MySQL Connector/ODBC (formerly MyODBC) is an ODBC driver developed by Oracle Corporation for connecting ODBC-enabled applications to MySQL databases. It was originally created by MySQL AB and has been maintained by Oracle since the acquisition of Sun Microsystems in 2010.

== Overview ==
MySQL Connector/ODBC enables any application supporting ODBC—including business intelligence tools, office suites, custom applications, and legacy systems—to access, query, and manage MySQL databases using the ODBC interface.

== Platform support and installation ==
MySQL Connector/ODBC is available for Microsoft Windows, Linux, macOS, and other Unix-like systems.
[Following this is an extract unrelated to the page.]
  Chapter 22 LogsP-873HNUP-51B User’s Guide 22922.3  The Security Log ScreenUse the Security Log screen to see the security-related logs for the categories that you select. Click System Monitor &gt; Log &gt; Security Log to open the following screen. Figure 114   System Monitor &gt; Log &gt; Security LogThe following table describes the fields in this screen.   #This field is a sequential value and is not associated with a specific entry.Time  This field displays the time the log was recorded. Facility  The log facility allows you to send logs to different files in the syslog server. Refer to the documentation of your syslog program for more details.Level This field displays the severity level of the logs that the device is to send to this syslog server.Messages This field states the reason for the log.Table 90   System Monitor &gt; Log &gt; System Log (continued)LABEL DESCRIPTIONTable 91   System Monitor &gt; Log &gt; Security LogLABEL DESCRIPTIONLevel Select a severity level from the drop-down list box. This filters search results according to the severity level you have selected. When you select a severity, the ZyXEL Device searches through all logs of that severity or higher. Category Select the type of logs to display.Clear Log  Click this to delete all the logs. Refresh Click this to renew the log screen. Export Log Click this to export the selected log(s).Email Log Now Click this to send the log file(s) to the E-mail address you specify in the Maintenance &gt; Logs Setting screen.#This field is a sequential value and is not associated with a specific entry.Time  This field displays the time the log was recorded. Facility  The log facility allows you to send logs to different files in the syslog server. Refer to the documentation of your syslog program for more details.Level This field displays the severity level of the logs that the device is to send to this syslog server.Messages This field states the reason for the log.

Both 32-bit and 64-bit builds are provided, depending on the system and application requirements.

The official downloads and detailed installation instructions are provided by Oracle.
Step-by-step installation guides, including for Windows, are available from Informatica and Hevo Data.
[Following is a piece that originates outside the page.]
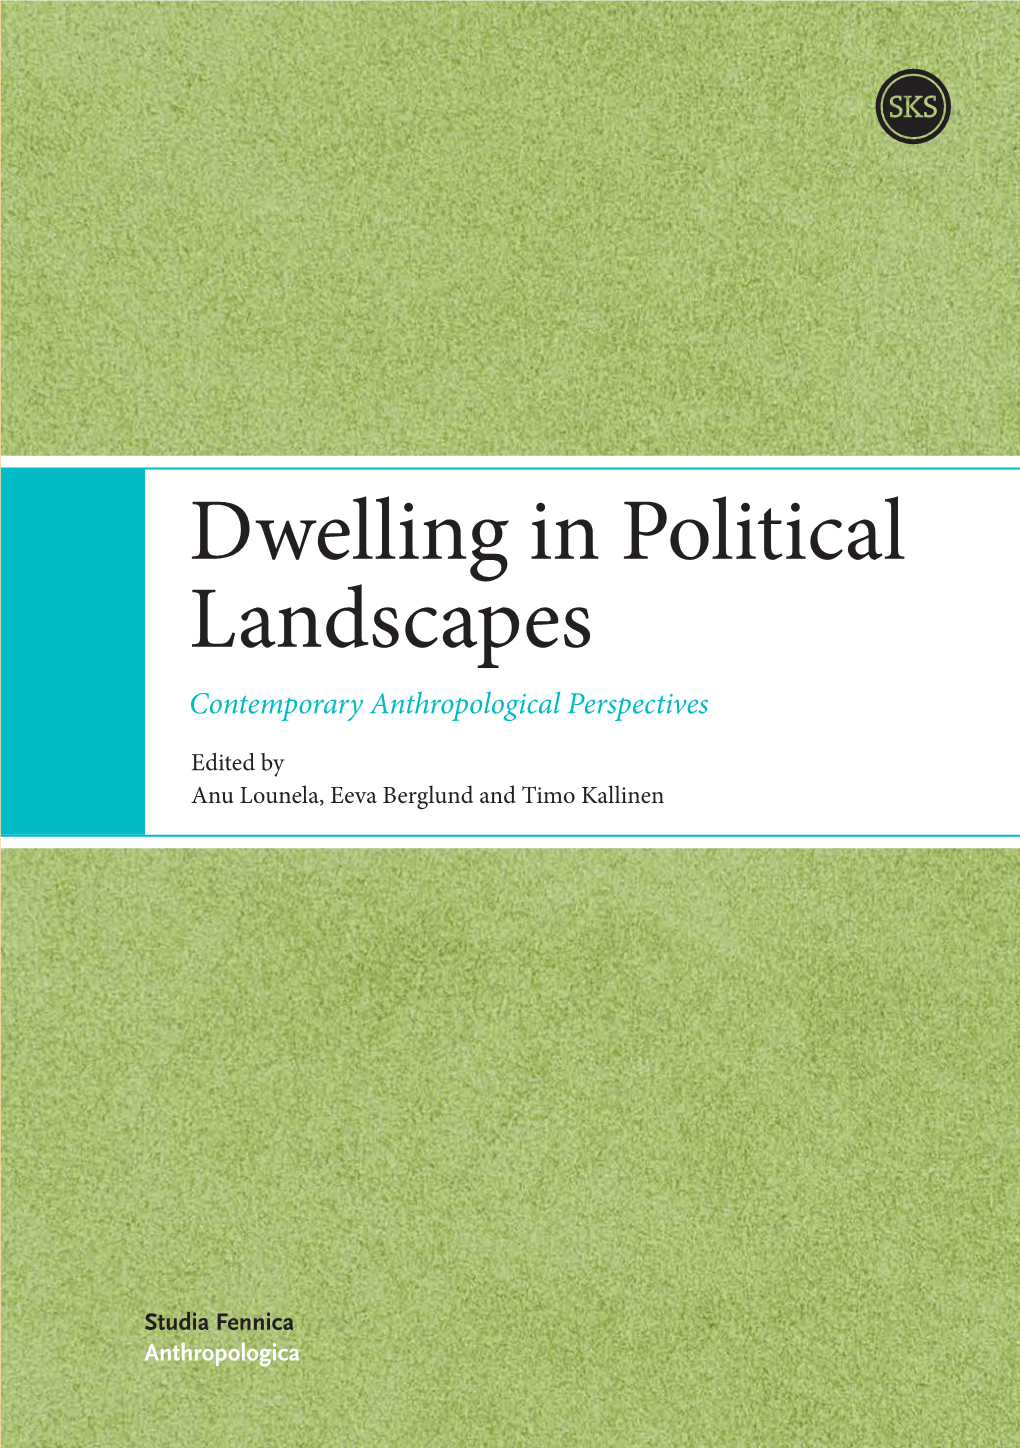 Dwelling in Political Landscapes Contemporary Anthropological Perspectives

== Configuration and usage ==
Connector/ODBC supports multiple configuration approaches:
- System DSNs, user DSNs, and file DSNs are supported on all platforms.
- DSN-less connections (using full connection strings) are widely used.
- Configuration for DSNs on Windows and macOS is described in official documentation.
- Connection pooling, authentication options, and example usages are extensively documented.

== Technical features ==
- Compliance with ODBC 3.51 and 3.8 specifications, partial ODBC 4.x support.
- Unicode and ANSI driver variants for Windows, only Unicode for Unix-like systems.
- Full support for transactions, savepoints, and rollbacks.
- Client-side and server-side prepared statements.
- Native access to MySQL data types, including JSON, BLOB, geometry, BIT.
- Authentication plugins and SSL/TLS encryption for secure connections.
- Bulk operations, streaming, connection pooling.
- Diagnostics, logging, error codes for troubleshooting.
- An API reference is maintained online.

== Version history ==
A detailed official changelog and history is maintained by Oracle.
- MyODBC 2.50/2.51: ANSI, MySQL 3.x
- 3.51: ANSI-only, ODBC 3.51 compliance
- 5.1–5.3: Unicode/ANSI, ODBC 3.8, 64-bit, DSN file support
- 8.0+: MySQL 8.0+ support, modern authentication, renewed 32-bit support (from 8.0.35)
- 9.x: Latest releases (as of July 2025: 9.3.0), MySQL 8.x and 9.x

== Practical integration and use cases ==
MySQL Connector/ODBC is commonly used for:
- Office integration (Excel, Access)
- Business Intelligence (Tableau, Crystal Reports, Power BI)
- ETL and migration between databases
- Application development in C, C++, Python, Java, .NET, PHP, and more
- Legacy system and cross-platform deployments

Practical deployment scenarios, configuration advice, and troubleshooting are available in [third-party technical articles].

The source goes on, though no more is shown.